The big problem is a pair of fire prisms that always wind up making me unable to move without being blown to nice pocket sized bits from a boosted prism shot from 60" away. Well out of range of even my lascannons. My tanks always get cornered where I get wrapped up in an infantry clusterfuck to be destroyed by banshees, his wraithlord, farseer and/or his two wave serpents. Not to mention his rangers who seem to always miraculously disable my vehicles.

It's all very aggravating and making me feel I wasted my money with the current set up I have which is definitely not good for Eldar. Although I usually rape orks and the like with it. So anyone have any tips for taking out that sort of situation? Generally it is only the fire prisms that are the trouble. I could manage the rest less I roll poorly. Just throw some ideas out for me.

...oh, and our armies are just shy of an agreed 1500 limit.


----------



## Engelus (Jul 26, 2007)

I hate fire prisms, I also hate the eldar. I also play space marines.

the only way I have been able to take care of them is with a droppod filled with troops, a meltagun and a multi melta. also kit the seargent out with a combi melta and a powerfist.

its expensive but it can lay the hurt on it.

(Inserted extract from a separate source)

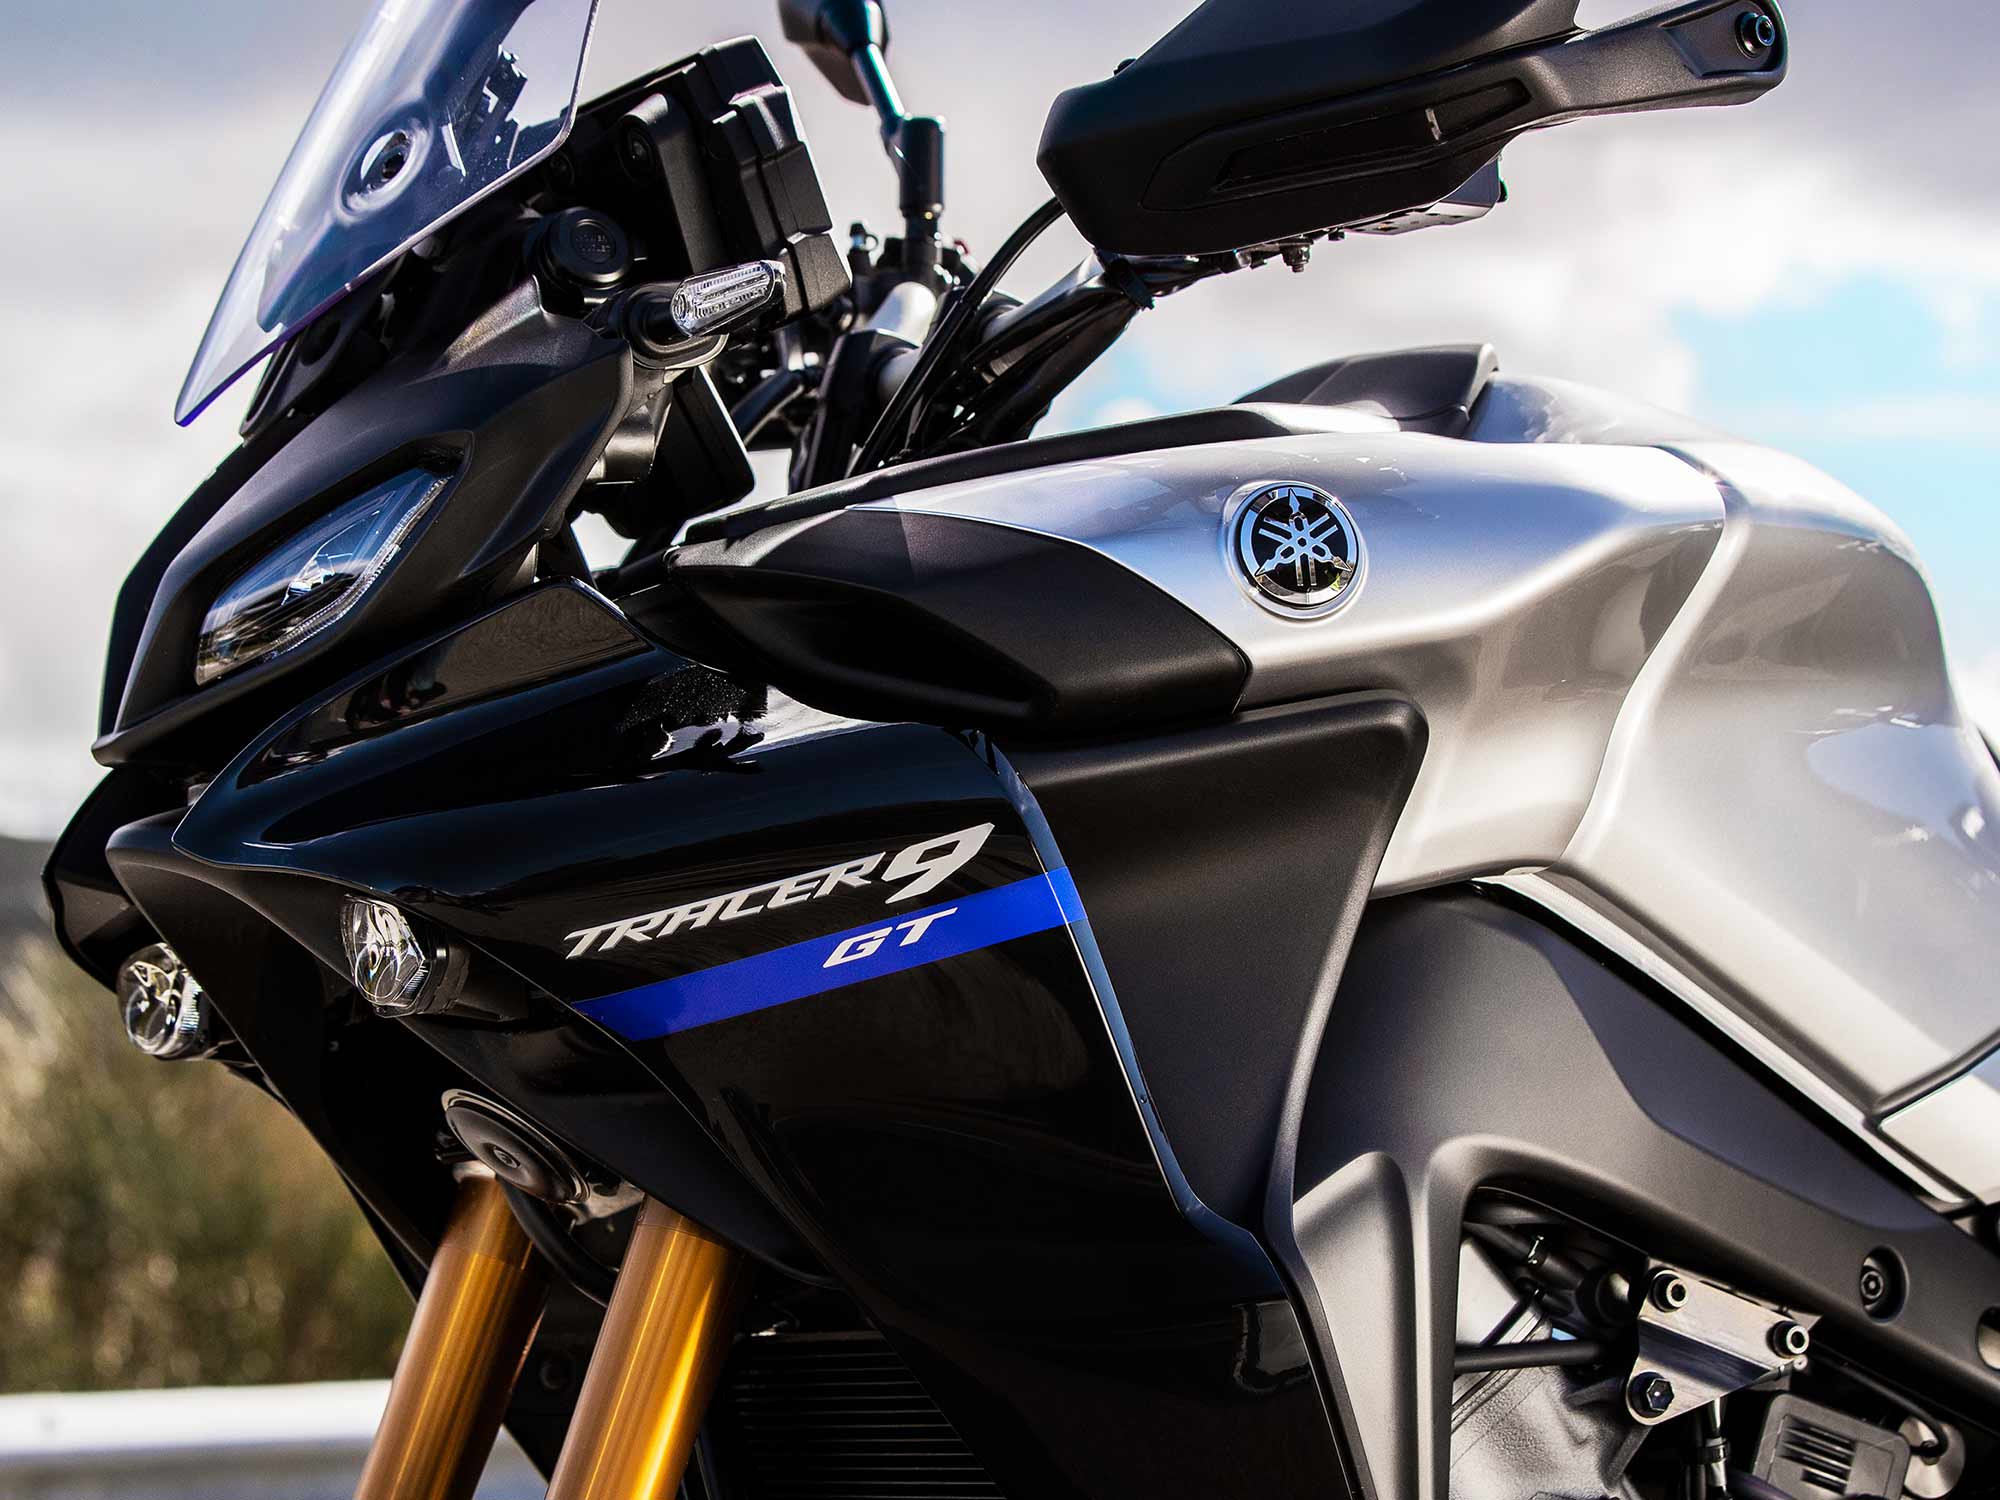 2022 Yamaha Tracer 9 GT Buyer's Guide: Specs, Photos, Price
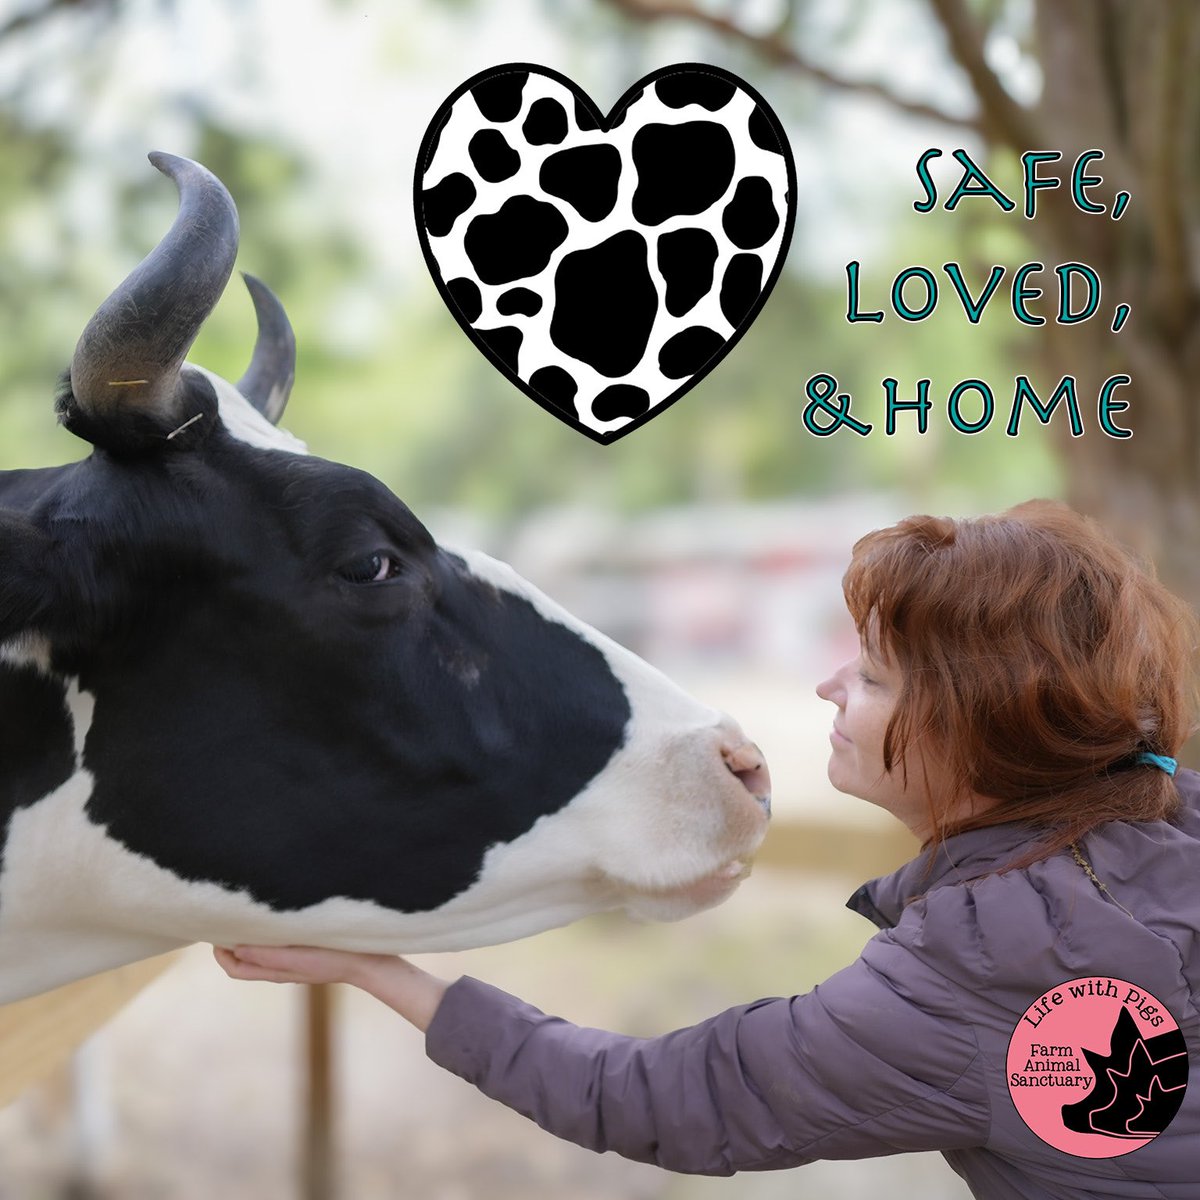 At Life With Pigs, when we say we are creating Happily Ever Afters, we truly mean that we are fostering a bond between humans and animals where they all belong to one big, loving family. And we want each and every individual to feel safe, loved, and know they are home!

another option is a ven dread with twinlinked everything as much as possible.

another option is your handy dandy hunter killer missile, infinite range, just put one on every tank and dread you bring.

another option is bring a chapter master and drop your orbital bombardment on it first turn.

all these are kinda risky and not cheap.


----------



## dopey82 (Jul 8, 2008)

you dont have enough lascannons if you dont have at least a few in range or you are not positioning your force correctly. a multi-melta dread in a drop pod will usually take care of at least one. a sternguard with a few combi melts so you can wreck troops after blowing the tank up.


----------



## Justicar Auarilius (Nov 29, 2008)

Engules brings the best suggestion in my opinion.

Most space marine armies with have at least 3 tanks (at least mine and all my friends do) so you have 3 H.K. missiles, with all three your bound to kill 1 falcon, and if you can get say 2 razorbacks with H.K. missiles, and LC thats some decent anti tank for about 180 pts not bad.

Although my personal favorite option is an assault squad, you have the possibilities of powerfists, melta gun, and meltabombs. Plus most infantry you can jet past, and after you kill the tank you should be able to get them into cc with a squad next turn and leave them relatively unscathed.


----------



## Stella Cadente (Dec 25, 2006)

Holmstrom said:


> The big problem is a pair of fire prisms that always wind up making me unable to move without being blown to nice pocket sized bits from a boosted prism shot from 60" away. Well out of range of even my lascannons.


this got me thinking, how big is your board and how much (or little) terrain do you have?, if your lascannons are out of range but there getting clear LOS from 60" away that could be the major factor


----------



## Steel Nathan (Apr 26, 2008)

Stella Cadente said:


> this got me thinking, how big is your board and how much (or little) terrain do you have?, if your lascannons are out of range but there getting clear LOS from 60" away that could be the major factor


While that may be true, it's not impossible to have a 60" range with such amount of terrain. But remember that the prisms have to be in range in order to use the twin linked ablility. 

I would suggest a drop pod with a melta, because that's probablty one of the best options. Any lascannons that fires from your table edge is sure to miss. Now I'm not saying that you will need like 6 drop pods for your entire army, but you might want to consider the one for the drop pod at least. I also believe that Assault Terminators with Thunder Hammers are a good idea too. Deep strike them, make them stay put and then charge the next turn (they should last against some enemy fire, just don't be stupid and DS them clearly in the open). 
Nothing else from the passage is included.